而如今她退学已经有一段时日,她在那个狭隘的小世界之外努力生存,沾染了有些浮夸和陌生的灰尘,经历了陆离和我不敢苟同的事。她和我讲起在社会上找工作以及与人接触的种种,脸上因为足够的休息而没有了从前羸弱的疲倦,却给人一种力不从心的回避感。她穿着5公分高的高跟鞋,足足比我高出两指,让我说话的时候需要微微仰头,我不习惯这种处于弱势的感觉。
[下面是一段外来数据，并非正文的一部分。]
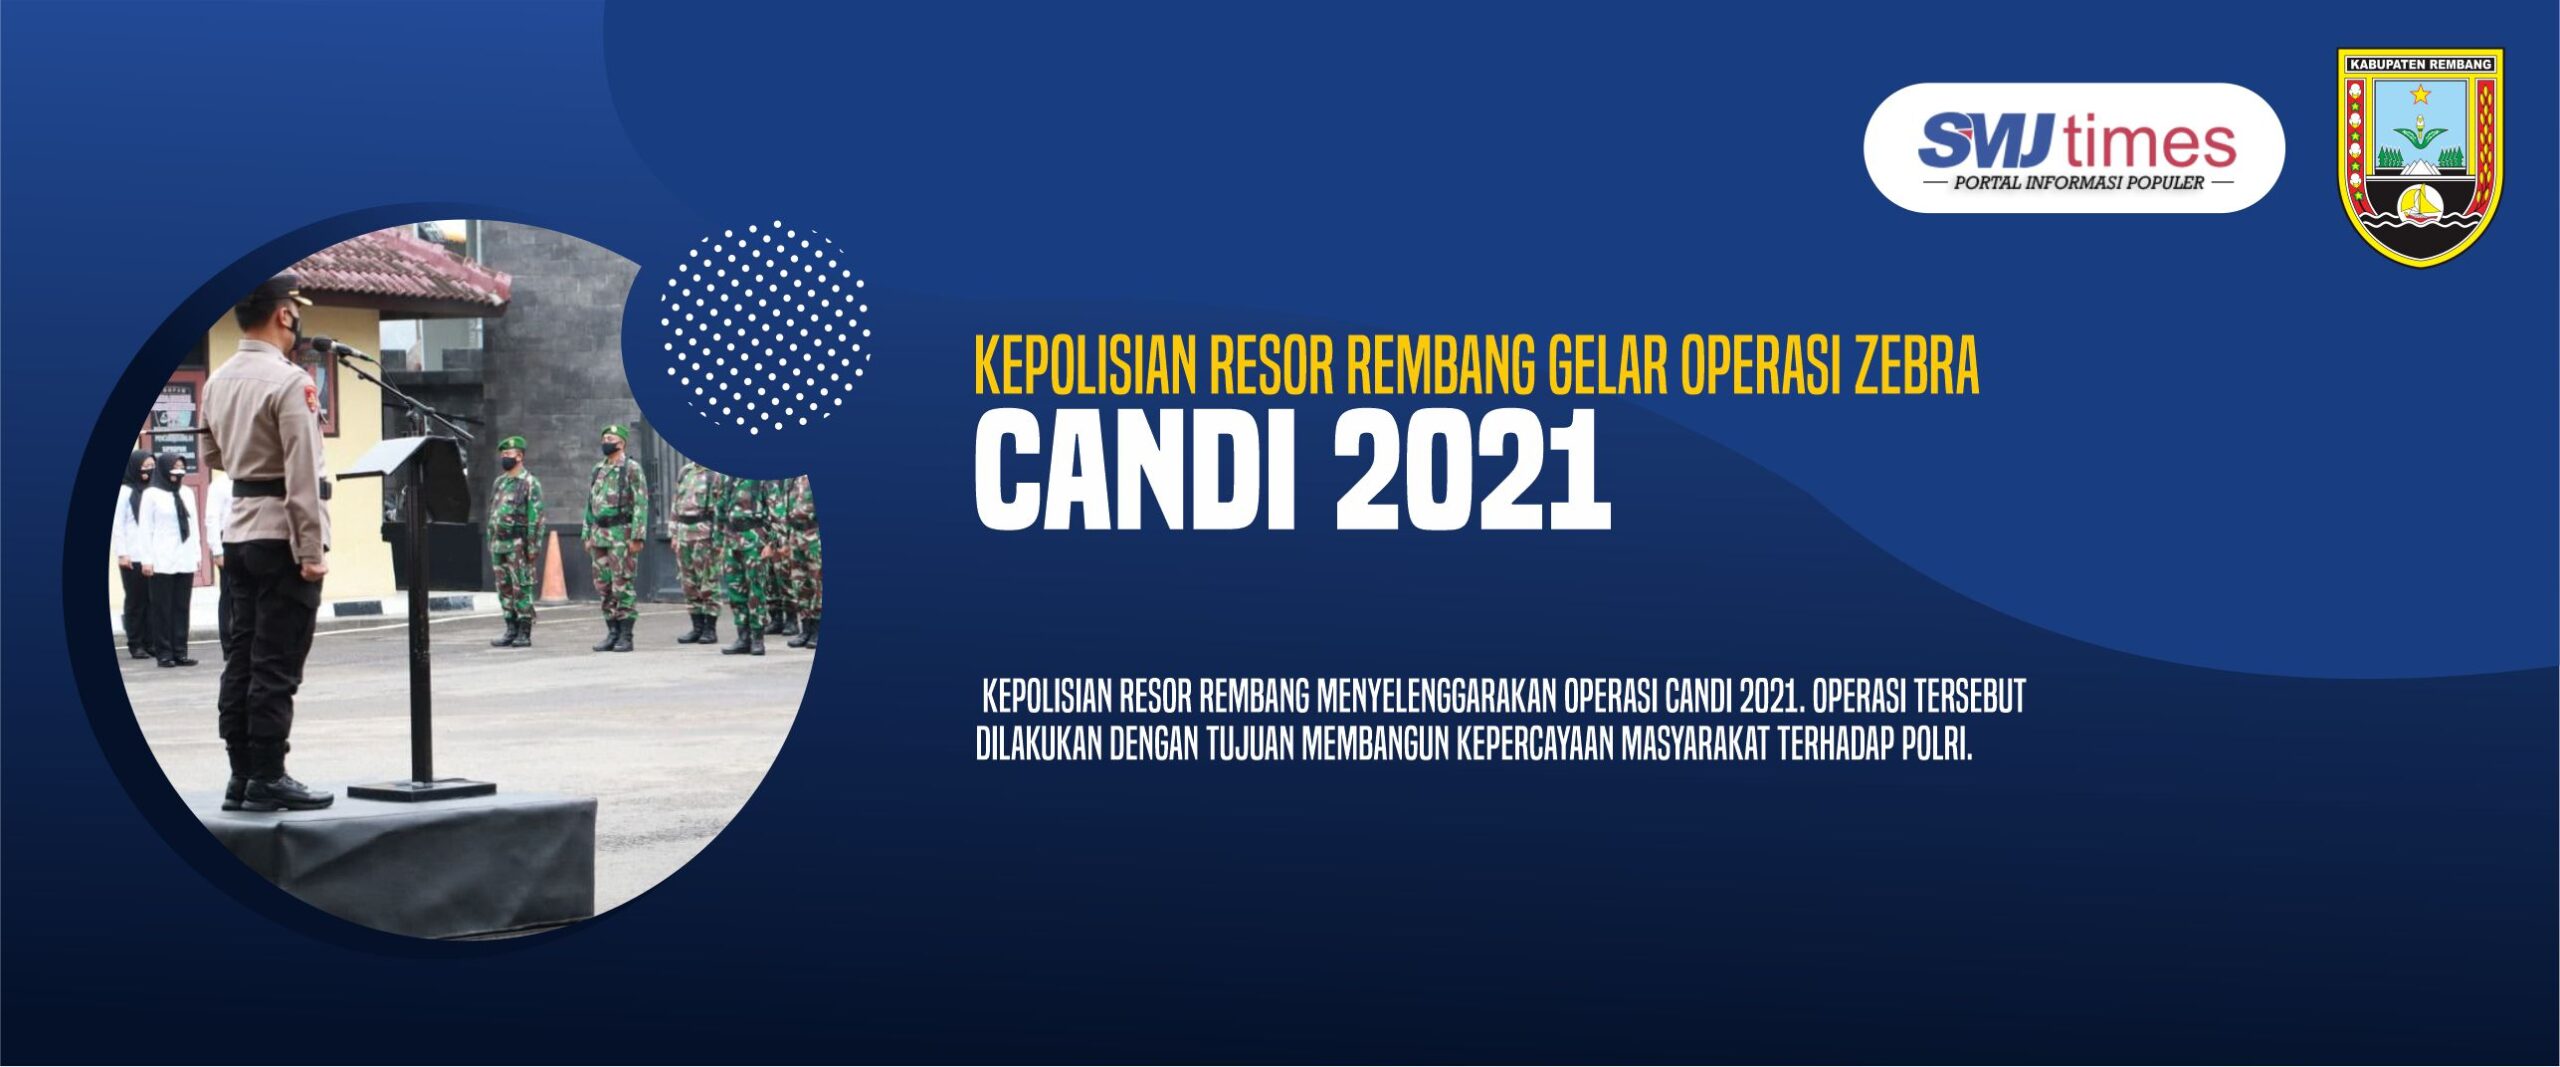 Kepolisian Resor Rembang Gelar Operasi Zebra Candi 2021

她讲起那个笑容单纯的女同事如何在她面前百般殷勤,又如何在背后向老板说她的不好,致使她丢了工作;她讲起被职介所骗走了仅有的三百块钱而不得不几天粒米未进;她讲起已经凌晨的这个城市是怎样的一番红灯绿酒的光景。
这些都是我无法共鸣的,因为他们都是围城外与我无关的一切,充满诱惑但让人恐慌。
从前那样不对等的谈话被拉扯平衡,她终于学会了娓娓而谈,那是因为稍事丰沛的经历饱满了她的舌,又或者是因为色彩鲜艳的空气遮蔽了她内敛的腼腆,一些穷凶恶极的观念以及生活方式逼迫着她妥协至此。而我们拥有与这个世界交流与抗衡的最佳途径——语言,去表达一个肃穆的你,圆润的你,内心无所寄居的你。
我们不仅要生存,我们更要生活,但生活永远都不是你想要的那样。有些抉择与改变无所谓对错,只是在随波逐流的机缘巧合里早就被安排好罢了。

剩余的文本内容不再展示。